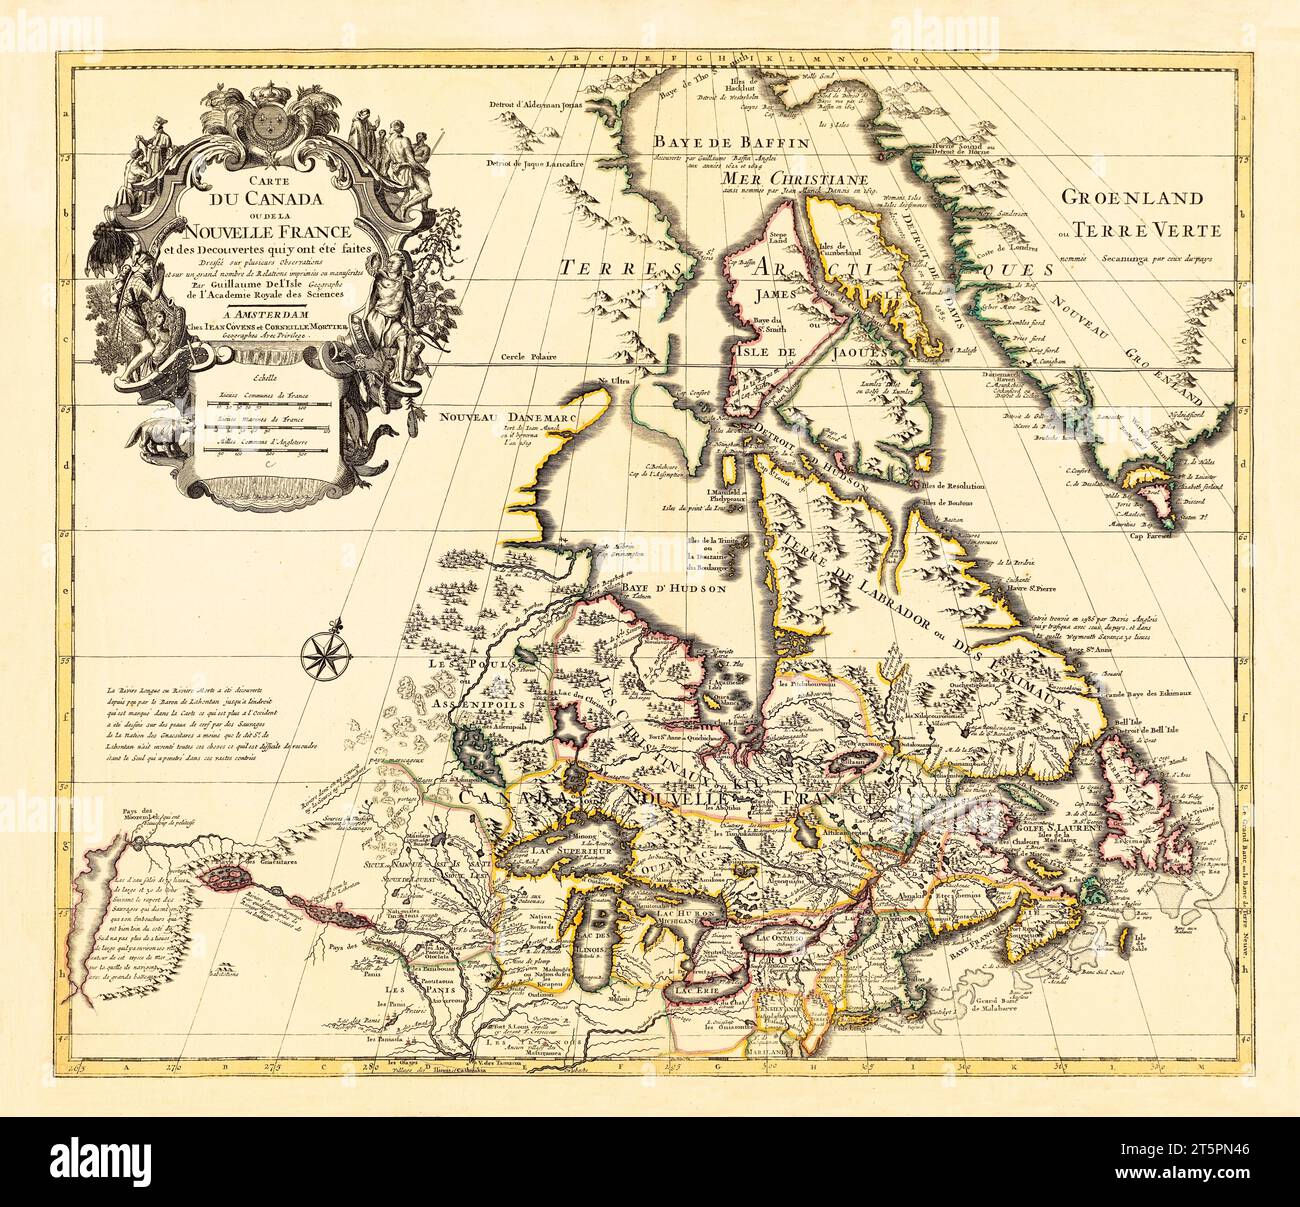 Ancienne carte du Canada (Nouvelle-France). Par l'Isle, publ. env. 1730 Banque D'Images
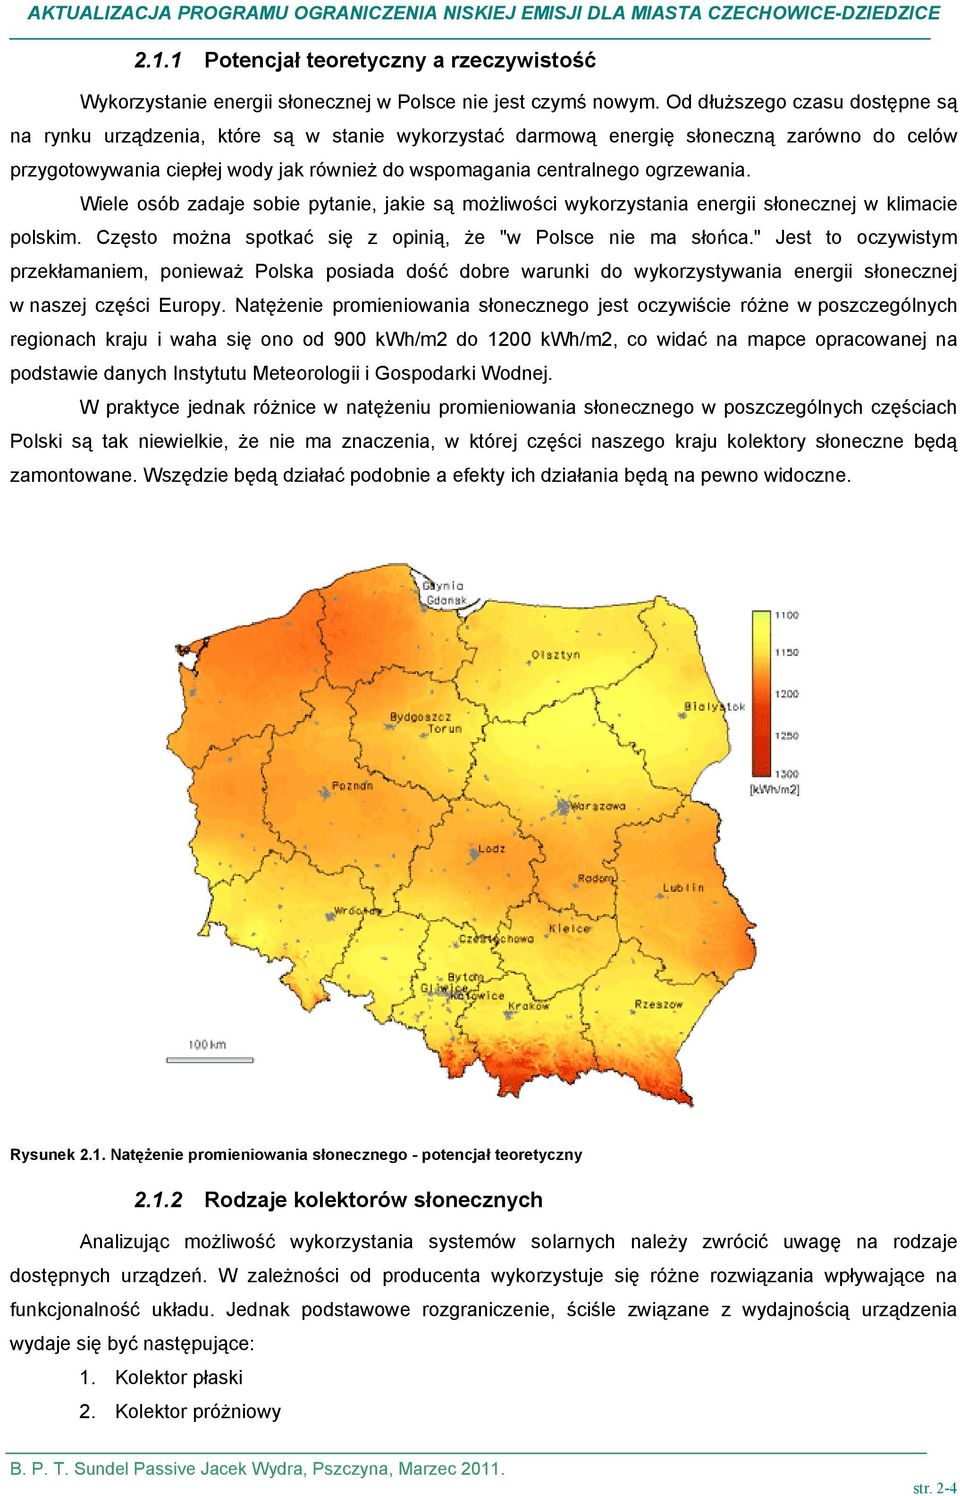 ogrzewania. Wiele osób zadaje sobie pytanie, jakie są możliwości wykorzystania energii słonecznej w klimacie polskim. zęsto można spotkać się z opinią, że "w Polsce nie ma słońca.
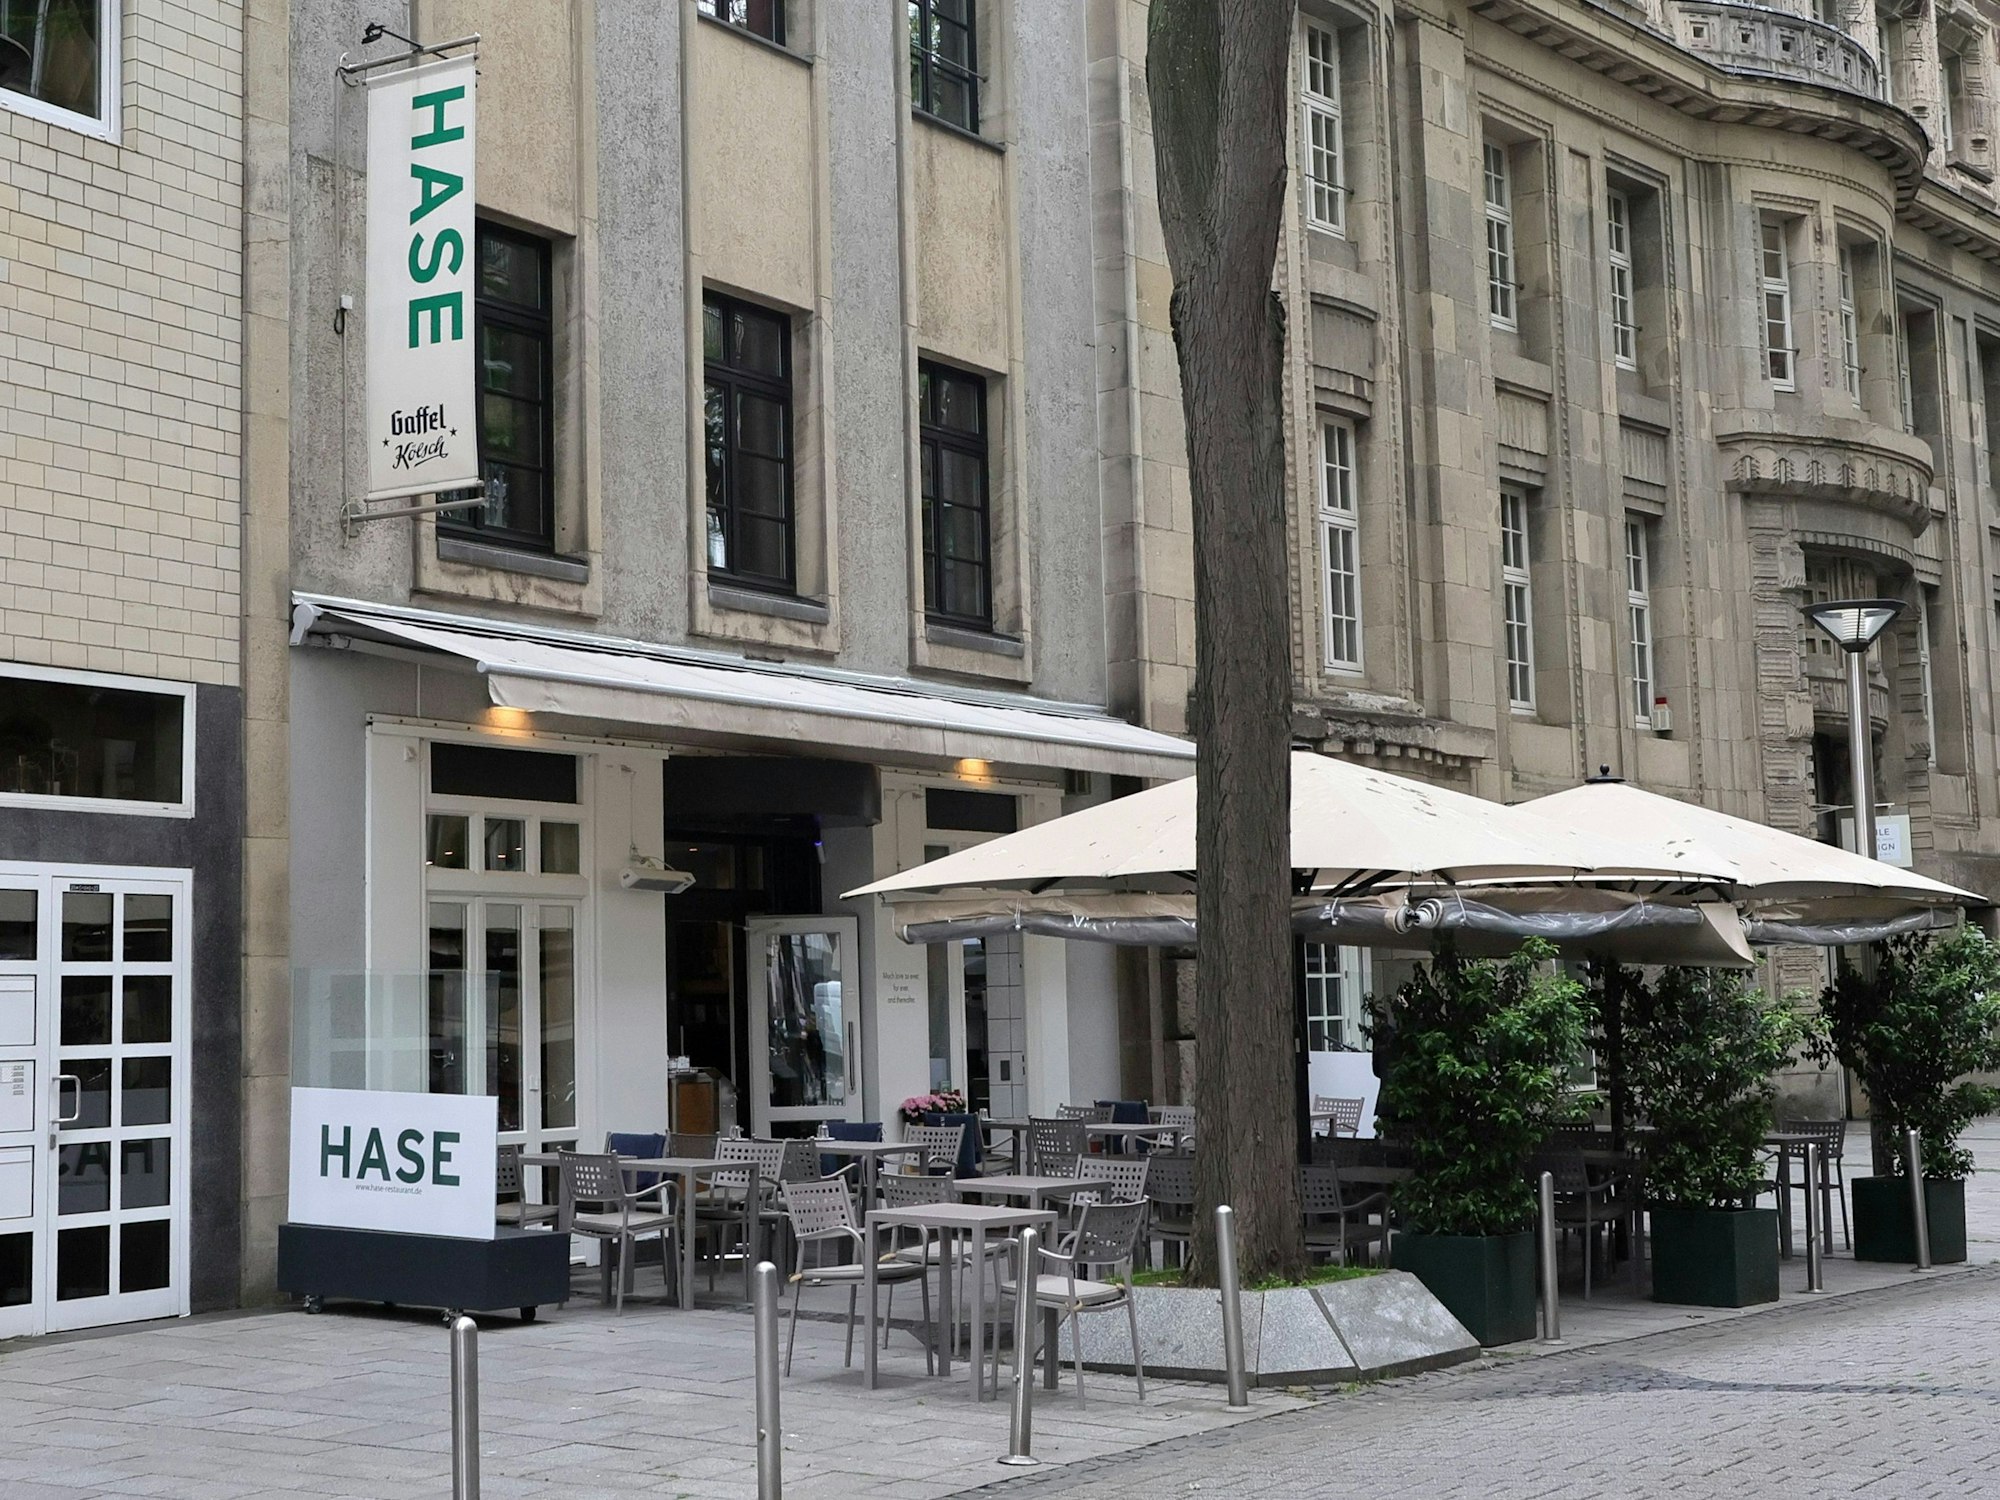 Restaurant Hase in der Kölner Innenstadt

**EXERCISE DESCRIPTION:** Take the line that contains "ogrzewania. Wiele osób" and all lines after it to the end of the material above, and copy them verbatim without any images.

**RESPONSE FOR THIS EXERCISE:**
 ogrzewania. Wiele osób zadaje sobie pytanie, jakie są możliwości wykorzystania energii słonecznej w klimacie polskim. zęsto można spotkać się z opinią, że "w Polsce nie ma słońca.
 Restaurant Hase in der Kölner Innenstadt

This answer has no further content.